The host machines must be domain-joined of course, which they should be anyway to enable use of features such as DFS-R and Hyper-V replica.
Well, that explains why it didn't work on my lab setup. I have never joined a host machine to a domain, whose DC is one of the guests of said host. That just seems wrong to me, creating a loop - like badly-written time-travel movies I've seen. I could understand this in a setup with more than one physical host, and each host having a DC guest, I suppose, but with only one box, it just seems like a recipe for trouble.

I thought about the possibility that the host flipped to the public network profile, but that shouldn't have stopped the RMM agent from reporting in, so I don't think that's it.
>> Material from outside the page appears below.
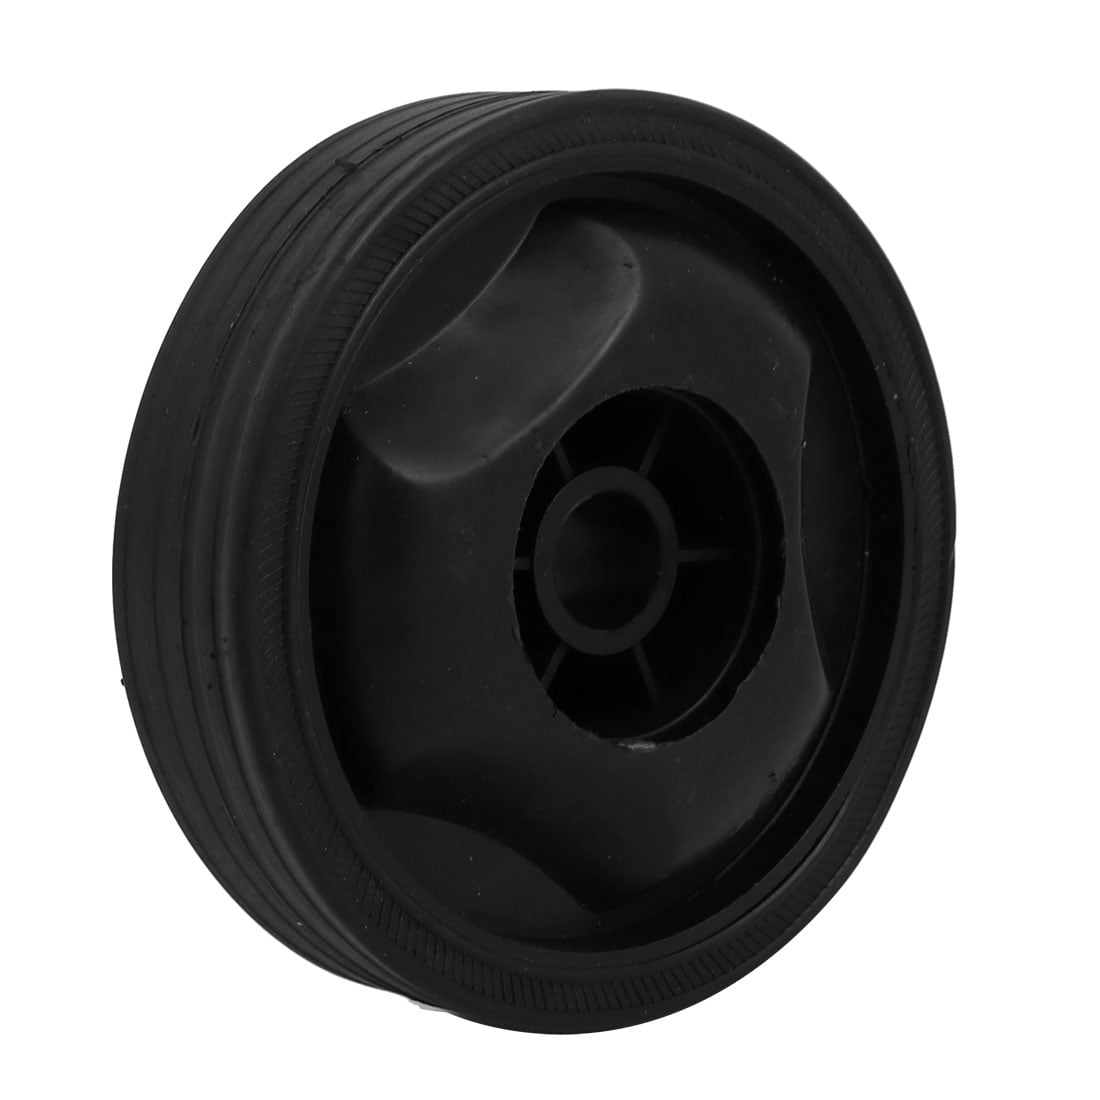 Details about   4 1/2" Dia Plastic Wheel Repairing Part Black for Air Compressor

The host has a static IP, which is within an exclusion range in DHCP. There shouldn't be any conflict. I did an IP scan from the DC and the host machine is detected with the correct IP and MAC address, but no communication works. Doesn't respond to attempts to browse, ping or RDP. I'm going there this afternoon, so I'll be able to get eyes on the bad actor and no-doubt figure out the problem. I'm sure it's something dumb, but I can't gather enough evidence to troubleshoot it without being there. The other possibility I suppose is another truism: "It's always DNS". We'll see.
 
Well, that explains why it didn't work on my lab setup. I have never joined a host machine to a domain, whose DC is one of the guests of said host. That just seems wrong to me, creating a loop - like badly-written time-travel movies I've seen. I could understand this in a setup with more than one physical host, and each host having a DC guest, I suppose, but with only one box, it just seems like a recipe for trouble.
Yeah, you'd think it wouldn't work but it does, perfectly in fact. Most of my customers' setups are like that (numerous domain-joined hosts and virtual DCs). It's how it's supposed to be -- how else would you properly manage numerous host server configurations and perform live VM migrations, Hyper-V Replica, DFS-R, etc (without multiple DCs or resorting to the backward step of deploying a seperate physical DC)? It's a well-documented configuration, and I believe it's discussed in the 'Mastering Windows Server' series of books too, in part due to fact that it seems like a somewhat contradictory configuration at first glance.
 
I no longer join hosts to domains in single server environments. Too many problems... largely due to Windows Firewall.

However, as soon as a client has two hosts, they get joined to the domain and we configure the hosts such that they don't reboot at the same time. The domain is always online, thanks to each host having a DC and ALL ISSUES vanish. I don't even need my delay script for network location awareness.

Moltuae is right though, so much of HyperV doesn't work if you don't have a domain. And you cannot use the tools mentioned without it either. Microsoft really wants those machines to be on the domain too. So strange things happen on either path, I've just learned to manage things in specific ways to avoid most of it.
 
Well, I just got back from the clients, the problem was that the DNS field in the NIC properties of the host was blank (so my guess that "It's always DNS" was spot on!). Obviously it was not setup this way originally, and I just can't imagine the single person there who knows where the password for the server lives would be capable of finding this setting, have any inclination to go poking around the server, or just plain have any time for such pursuits.

I looked back at the event logs to when it stopped working, but didn't find anything damning. I have no idea how this would have happened, but thank goodness it was an easy fix.

Oh, and RDP was disabled - I'm sure we never enabled it since we use our monitoring software for remote access. That one is my fault.
 
So you had your out of band offline AND RDP offline.

I generally want all three, out of band, rdp, and the RMM tool. One of them always works, but its bonkers how often two of them just won't work for whatever reason. But RDP loves to disable itself when Windows Firewall goes nuts anyway. So more often than not my fall back is the out of band, because the RMM and RDP are both toast.